Transforming human behavior into executable robot actions requires a system that enables direct learning from human-centric data. To achieve this, we introduce a set of components spanning representation alignment, whole-body control, execution compensation, and hierarchical inference, which together make it possible to train and deploy robot policies using human-centric data end-to-end.
- Cross-Embodiment Data Pipeline. Human-centric data and robot action spaces differ significantly in kinematics, dynamics, and embodiment structure. We introduce a Cross-Embodiment Data Pipeline that converts large-scale human demonstrations into robot-executable action representations across diverse embodiments, effectively transferring human dexterity into robotic behavior.

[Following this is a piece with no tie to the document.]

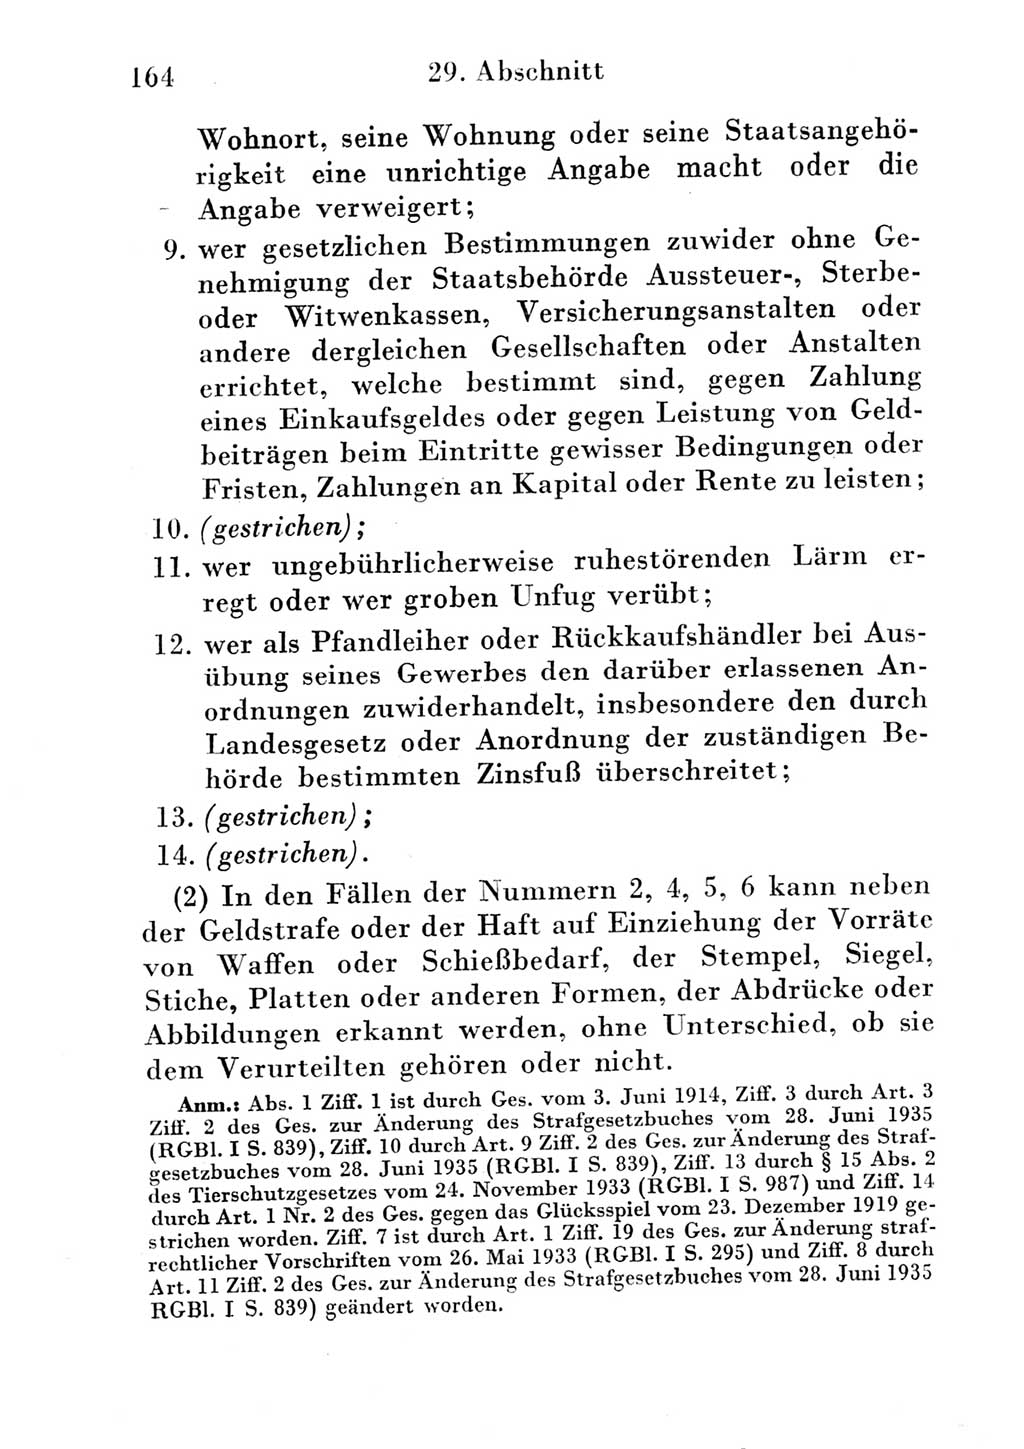 Strafgesetzbuch (StGB) und andere Strafgesetze [Deutsche Demokratische Republik (DDR)] 1951, Seite 164 (StGB Strafges. DDR 1951, S. 164)

- Whole-Body Action Foundation Model. Humanoid mobile manipulation requires coordinated control of locomotion and manipulation under full-body constraints. We learn a whole-body motion control foundation model from tens of thousands of hours of motion capture data, providing a unified low-level execution interface for tracking diverse motions while maintaining balance and physical feasibility. Unlike teleoperation-based low-level controllers, which primarily emphasize spatial coverage, human-centric data-driven models require highly accurate low-level execution. To address this, we train a whole-body motion control model that achieves sub-3 cm end-effector tracking accuracy while maintaining global motion coherence and physical feasibility.
- Real-World Execution Compensation Model. A key challenge in real-world deployment is the sim-to-real gap, which makes controllers trained purely in simulation insufficient for reliable physical execution. To address this, we introduce a lightweight compensation model trained on a small amount of real robot deployment data. The model corrects tracking errors, dynamics mismatch, and embodiment-specific deviations, enabling robust real-world execution. On the Unitree G1 platform, where the arm precision is relatively limited, it achieves sub-1 cm manipulation accuracy.
- Hierarchical Coordination Reasoning. Robot execution suffers from perception and control latency at the low level, while human-centric data is inherently delay-free. This creates a fundamental mismatch: policies trained purely by imitating human demonstrations cannot account for real-world execution delays. To address this, we introduce a hierarchical coordination reasoning framework that enables cross-level interaction between high-level inference and low-level control. Instead of directly imitating human-centric data, the high-level policy reasons over real-time low-level feedback and adaptively decides when and how to invoke low-level skills, ensuring consistent execution under latency-constrained physical systems.
Together, these components define a system that maps human-centric demonstrations to executable robot behavior. The framework enables learning from human data without relying on robot-specific teleoperation datasets and supports deployment across heterogeneous robot embodiments.
What Comes Next
This demo represents an early stage of our system. We are scaling human-centric data, improving model capability, and extending deployment to additional robot embodiments, including mobile dual-arm robots and other platforms that combine mobility and manipulation.
As the model improves, we expect faster and more reliable execution, stronger performance on long-horizon tasks, and broader deployment across logistics, industrial, and commercial environments. Our goal is not to build a separate intelligence for every robot, but a shared intelligence that can operate across heterogeneous robot bodies.